Hello, I'm working on a DLT pipeline to build a what would be a Datawarehouse/Datamart. I'm facing issues trying to "update" my fact table when the dimensions that are outside the pipeline fail to be up to date at my processing time, so on the next run im trying to "update the dimensions reference Id's" when I'm able to get a match
My current approach is using 2 Materialized views:
# Command 1:
@dlt.table
def vw_fact():
df = spark.read.table("my_view")
df_dim_1 = spark.read.table(dim_table_1)
df_dim_2 = spark.read.table(dim_table_2) # Externally from the DLT maintained dimension table
df_joined = (
df.alias("fact")
.join(
df_dim_1.alias("dim_1"),
on=col("fact.ref_dim1_code") == col("dim_1.code_dim_1"),
how="left"
)
.join(
df_dim_2.alias("dim_2"),
on=col("fact.ref_dim2_code") == col("dim_2.code_dim_2"),
how="left"
)
.select(
col("fact.id"),
col("fact.col_1"),
col("fact.col_2"),
col("fact.col_3"),
...,
col("dim_1.id_dim_1"),
col("dim_2.id_dim_2"), # Externally from the DLT maintained dimension table, id may not be present at the time of the first processing
...,
col("fact.col_9"),
col("fact.col_10"),
col("fact.inserted_timestamp")
)
)
return df_joined
# Command 2:
table_args = {
"name": destination_fact,
"table_properties": {"quality": "silver"},
"comment": "Silver table to store Fact..."
}
dlt.create_streaming_table(**table_args)
dlt.apply_changes(
target = destination_fact,
source = "vw_fact",
keys = ["id"],
sequence_by= col('inserted_timestamp'),
stored_as_scd_type = "1"
)
# Command 3:
# The intention here is to get the Dim 2 Id's that arrived since the last processing that were not present at the Command's 1 and 2 previous execution
@dlt.table(name="fix_missing_dim_2")
def fix_missing_dim_2():
df_fact = spark.read.table(destination_fact)
df_dim_2 = spark.read.table(dim_table_2)
return (
df_fact.alias("fact")
.join(
df_dim_2.alias("dim_2"),
on=col("lead.source_afid") == col("dim_2.afid"),
how="inner"
)
.filter(col("fact.id_dim_2").isNull() & col("dim_2.id_dim_2").isNotNull())
.select(
col("fact.id"),
col("dim_2.id_dim_2"),
col("fact.inserted_timestamp")
)
)
# Command 4:
dlt.apply_changes(
target=destination_fact,
source="fix_missing_dim_2",
keys=["id"],
sequence_by=col("inserted_timestamp"),
stored_as_scd_type="1"
)
But this generates the following error:
AnalysisException: Cannot have multiple queries named `catalog`.`schema`.`destination_fact` for `catalog`.`schema`.`destination_fact`. Additional queries on that table must be named.
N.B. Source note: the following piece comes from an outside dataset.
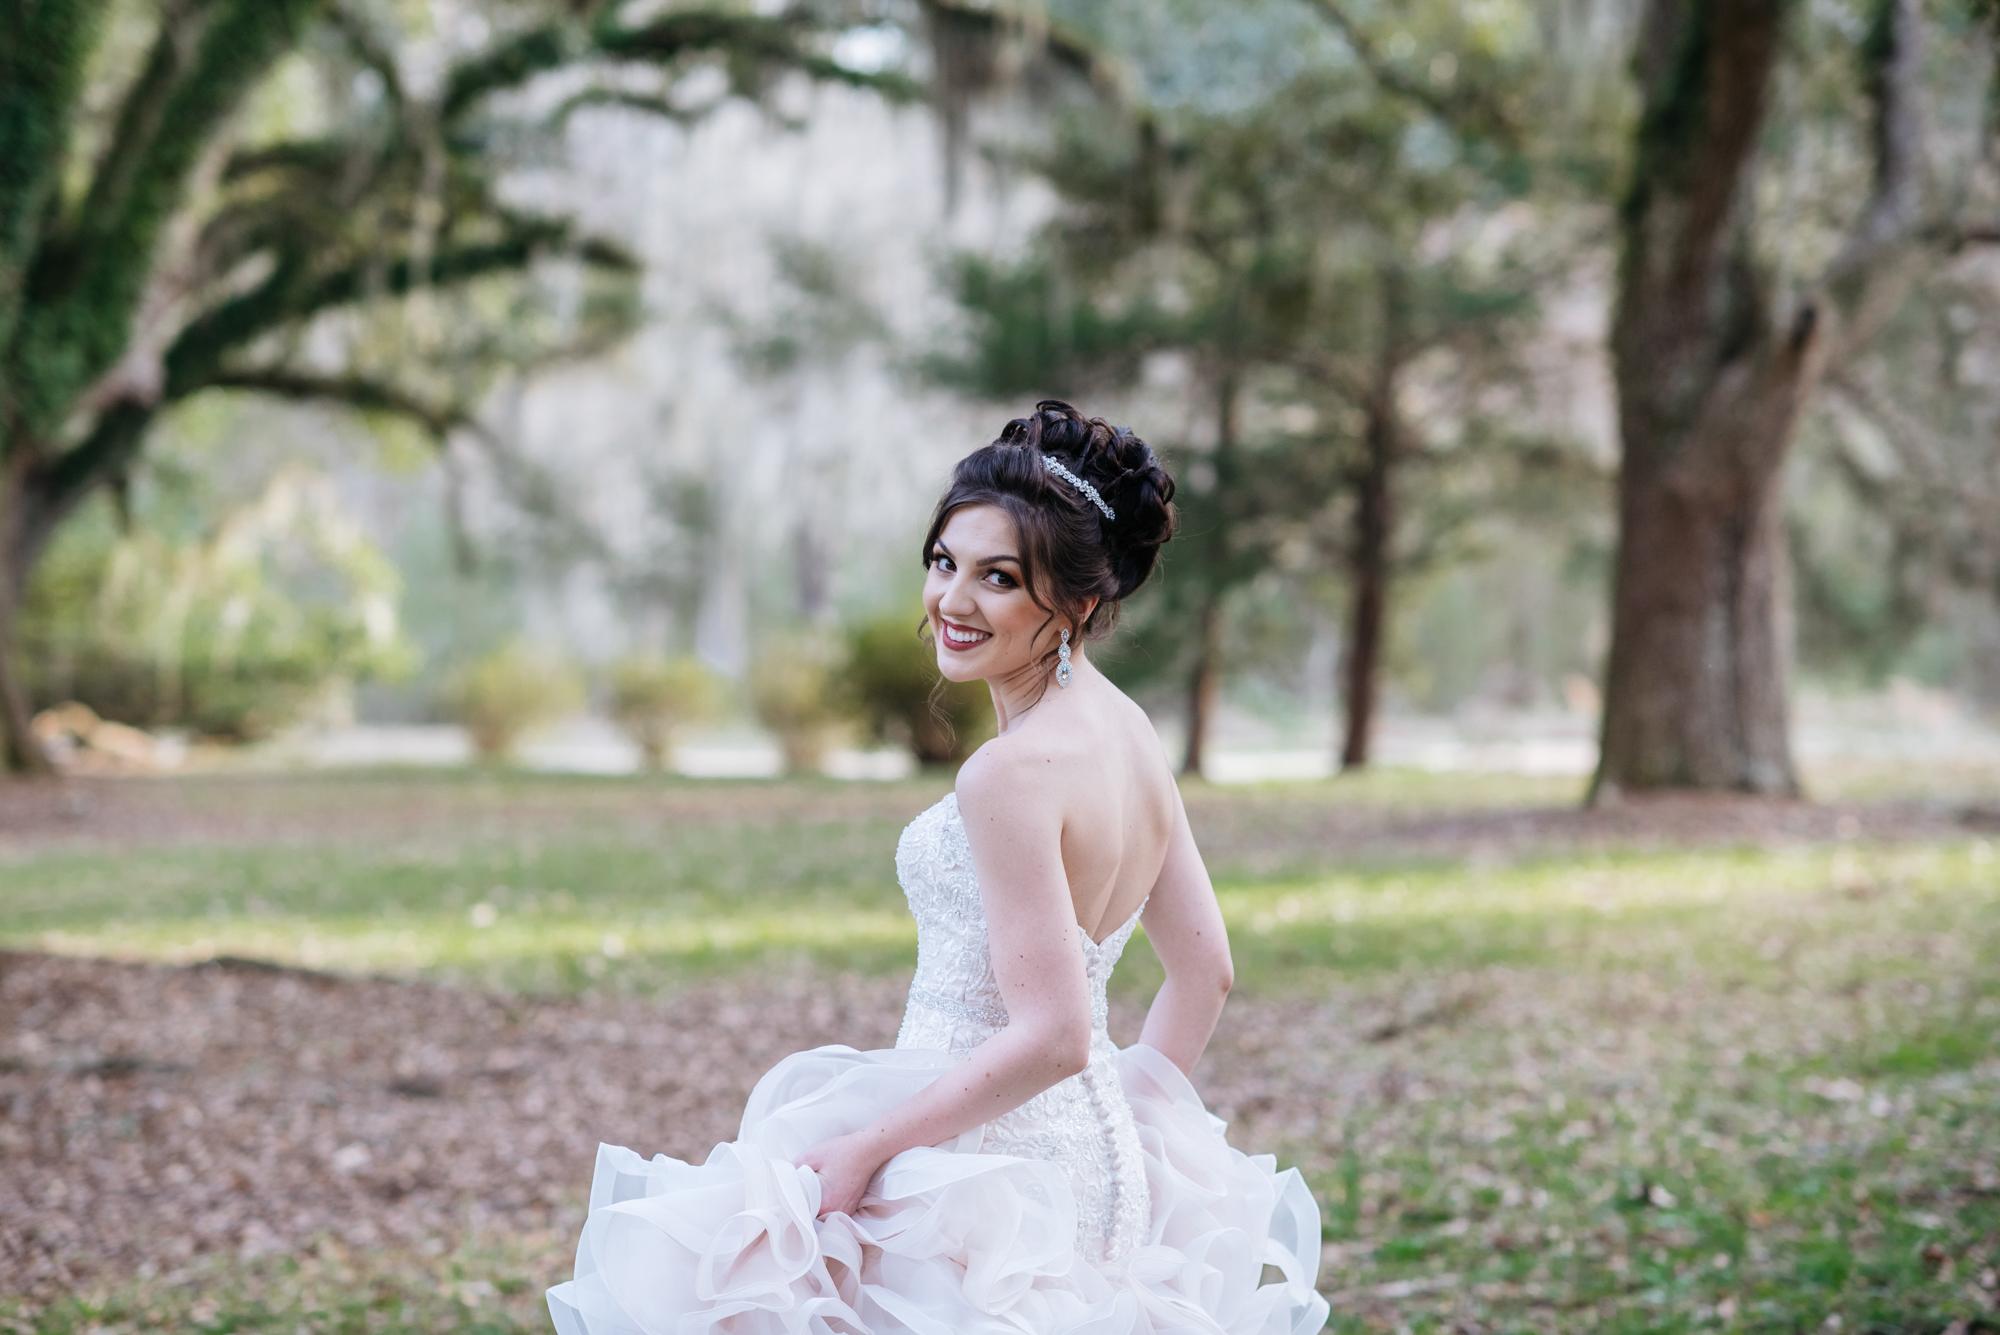 baton-rouge-wedding-photographer-7498.jpg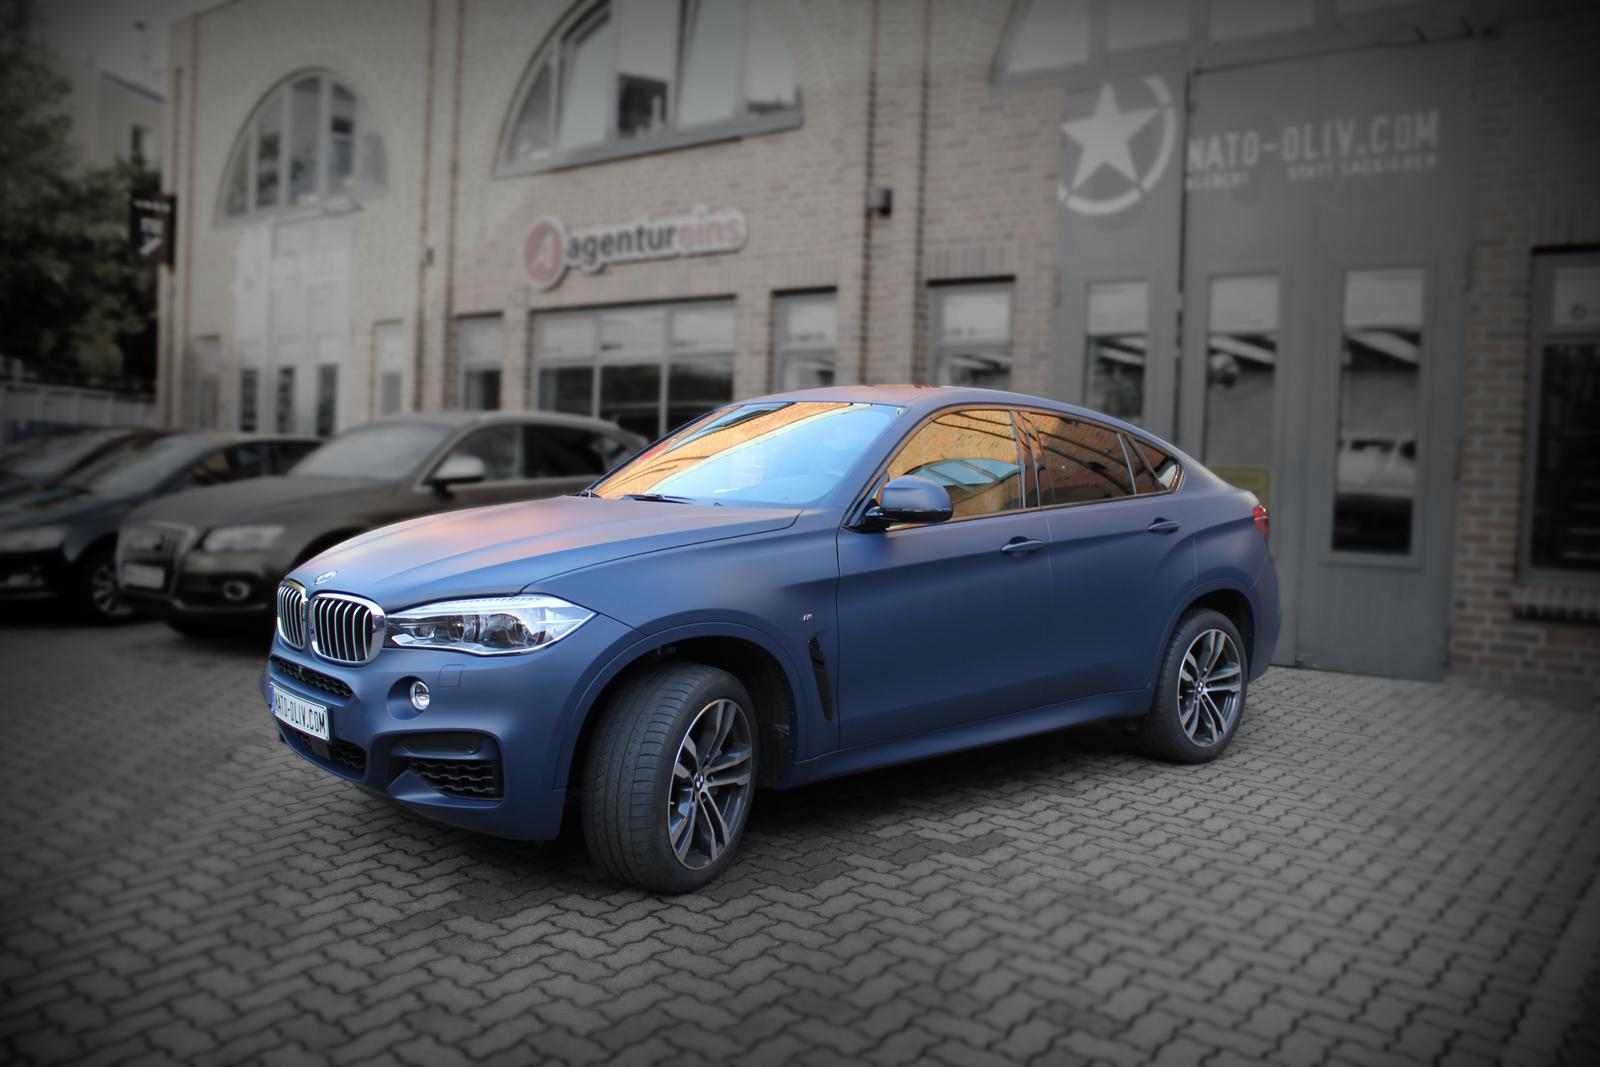 BMW_X6_CAR-WRAPPING_YACHTBLAU_MATT_Titelbild

Note that unnamed queries default to the same name as the table
Then I ran into "append-flows", where there is also mention of a "Type of flow" apply_changes, and the documentation states this:
"...Multiple apply changes flows can target a single streaming table. A streaming table that acts as a target for an apply changes flow can only be targeted by other apply changes flows...."
But there are not concrete examples of it usge.
Any help would be highly appreciated!